MMF_node, MMF_fila, MMF_wall, MMF_void = NEXUS_Plus(densityfield, N, L, M; filter_parse = 6 ,R0 = .5, level = :info);
nothing

[ Info: Starting node signature calculation...
[ Info: Processing scale R = 0.5
[ Info: Processing scale R = 0.707
[ Info: Processing scale R = 1.0
[ Info: Processing scale R = 1.414
[ Info: Processing scale R = 2.0
[ Info: Processing scale R = 2.828
[ Info: Processing scale R = 4.0
[ Info: 
[ Info: Starting node identification...
[ Info: Optimal node signature threshold: 6.735
[ Info: Number of identified nodes: 61
[ Info: 
[ Info: Starting filament and wall signature calculation...
[ Info: Processing scale R = 0.5
[ Info: Processing scale R = 0.707
[ Info: Processing scale R = 1.0
[ Info: Processing scale R = 1.414
[ Info: Processing scale R = 2.0
[ Info: Processing scale R = 2.828
[ Info: Processing scale R = 4.0
[ Info: 
[ Info: Starting filament identification...
[ Info: Optimal filament signature threshold: 0.236
[ Info: 
[ Info: Starting wall identification...
[ Info: Optimal wall signature threshold: 0.34
[ Info: 
[ Info: NEXUS+ identification finished

We can use the result to plot the contours on top of the slice of a density field, which we show below, or any subsequent analysis.

slice_index = 20
heatmap(log10.(densityfield[:, :, slice_index]), aspect_ratio=:equal, c=:viridis, title="Density Field Slice", xlabel="x [Mpc/h]", ylabel="y [Mpc/h]", colorbar_title="log₁₀(1+δ)", xlims=(0, 50), ylims=(0, 50), xticks=0:10:50, yticks=0:10:50)
contour!(MMF_wall[:, :, slice_index], levels=[0.5], color=:green, linewidth=2, label="Walls")
contour!(MMF_fila[:, :, slice_index], levels=[0.5], color=:blue, linewidth=2, label="Filaments")
contour!(MMF_node[:, :, slice_index], levels=[0.5], color=:red, linewidth=2, label="Nodes")

Options

A number of parameters can be changed manually in NEXUS+. Particularly the minimum filtering scale can be changed according to the resolution of the simulation and corresponding density field.
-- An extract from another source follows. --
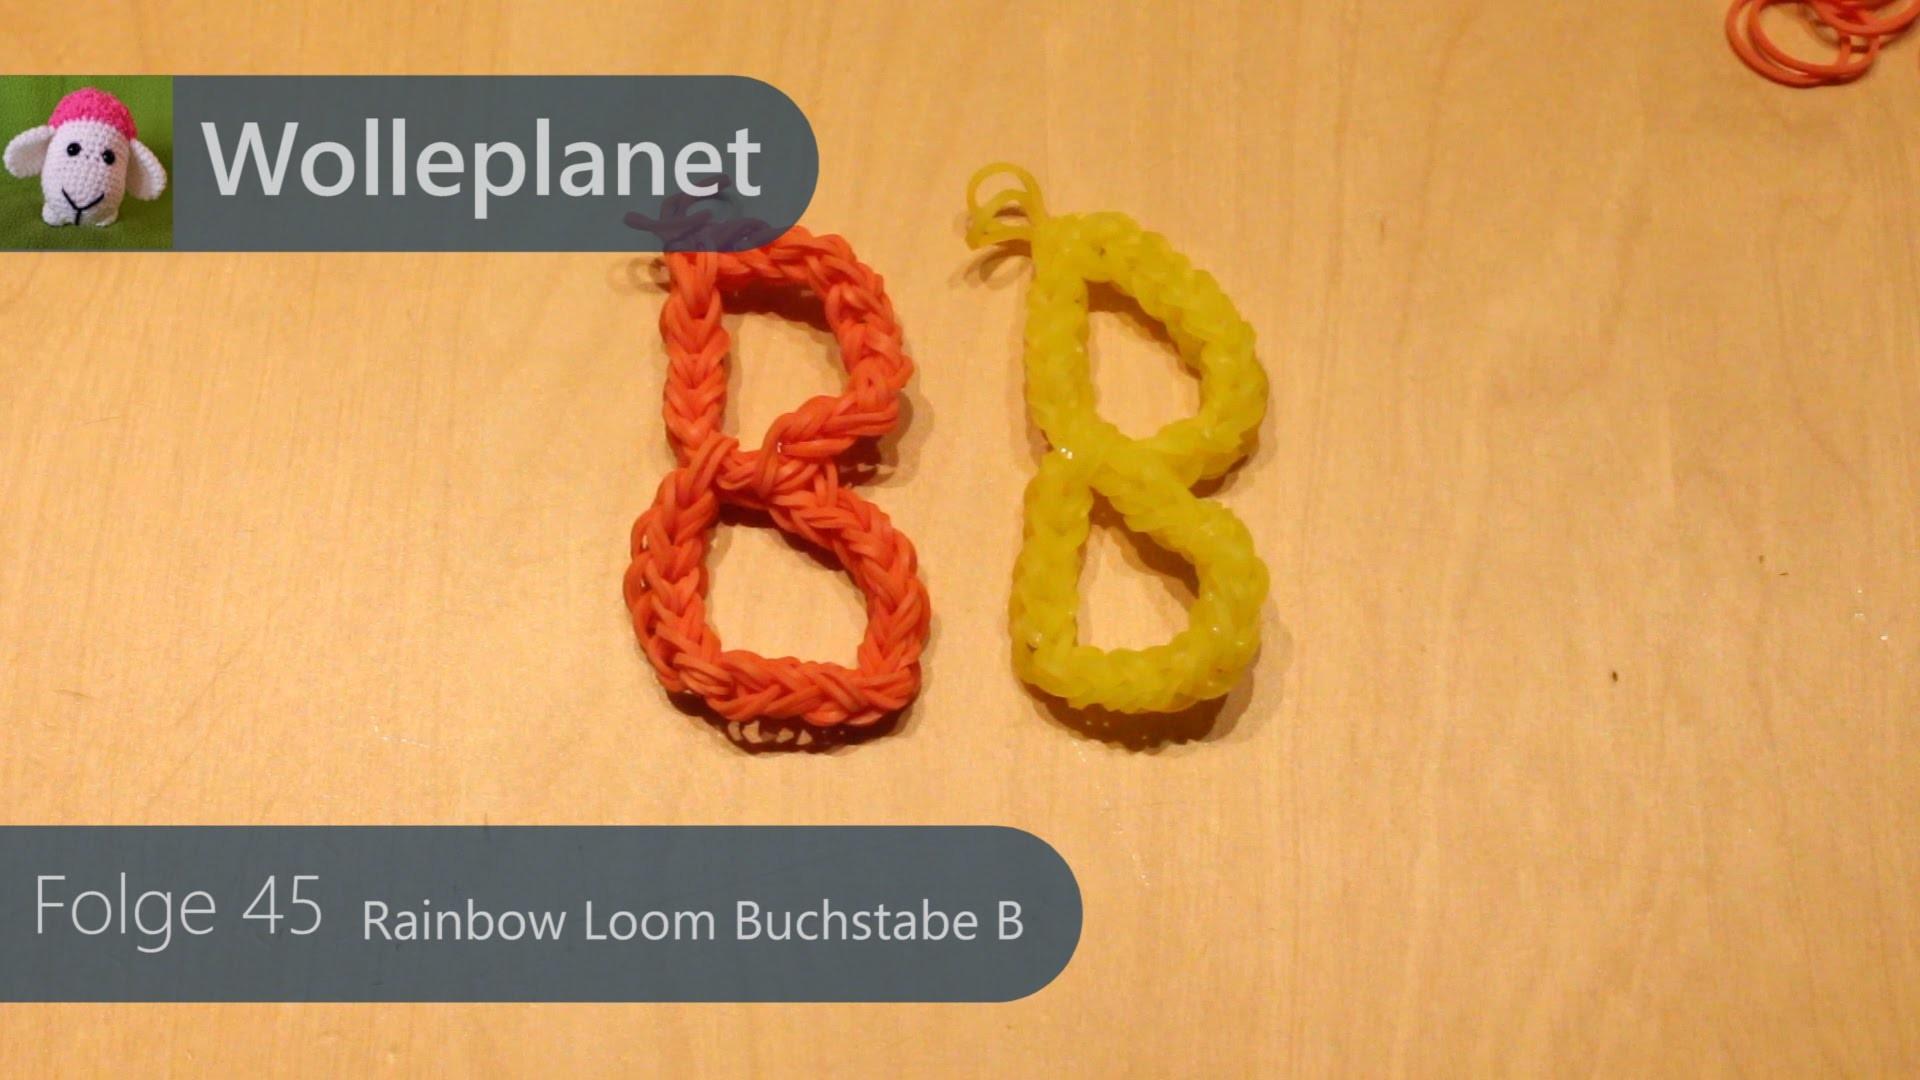 Rainbow Loom Buchstabe B mit Loom

The keyword arguments and their defaults of NEXUS_Plus are:

Δ::Real = 370. # density contrast for node detection
min_node_mass::Real = 1e13 # minimum mass of a node in Msun/h
min_fila_volume::Real = 10 # minimum volume of a filament in (Mpc/h)^3
min_wall_volume::Real = 10 # minimum volume of a wall in (Mpc/h)^3
R0::Real = 1. #minimum smoothing scale in Mpc/h
filter_parse = 4 #max n in min_scale*(√2)^n, starting at n=0
level::Symbol = :info # verbose level

Δ is the density contrast for node detection, this is further explained in the theory section. The minimum node mass is used as a physical selection criteria to avoid spurious detections of tiny dense clumps as clusters. Similarly,the minimum fila/wall argument is used to avoid spurious detections. R0 is the minimum filtering scale. Filter parse takes either an integer, in which case the filter scales are R0(√2)^n where n are integers from 0 up to the given integer, or a tuple/array of all the user defined scales in Mpc/h can be given directly. In case a tuple is given, the argument R0 does not do anything. The level parameter lets us select the verbose level which can be set to none, info, or debug. info gives some basic information on what the calulation is doing. debug gives additional information and figures of the threshold calulation to see what is going on.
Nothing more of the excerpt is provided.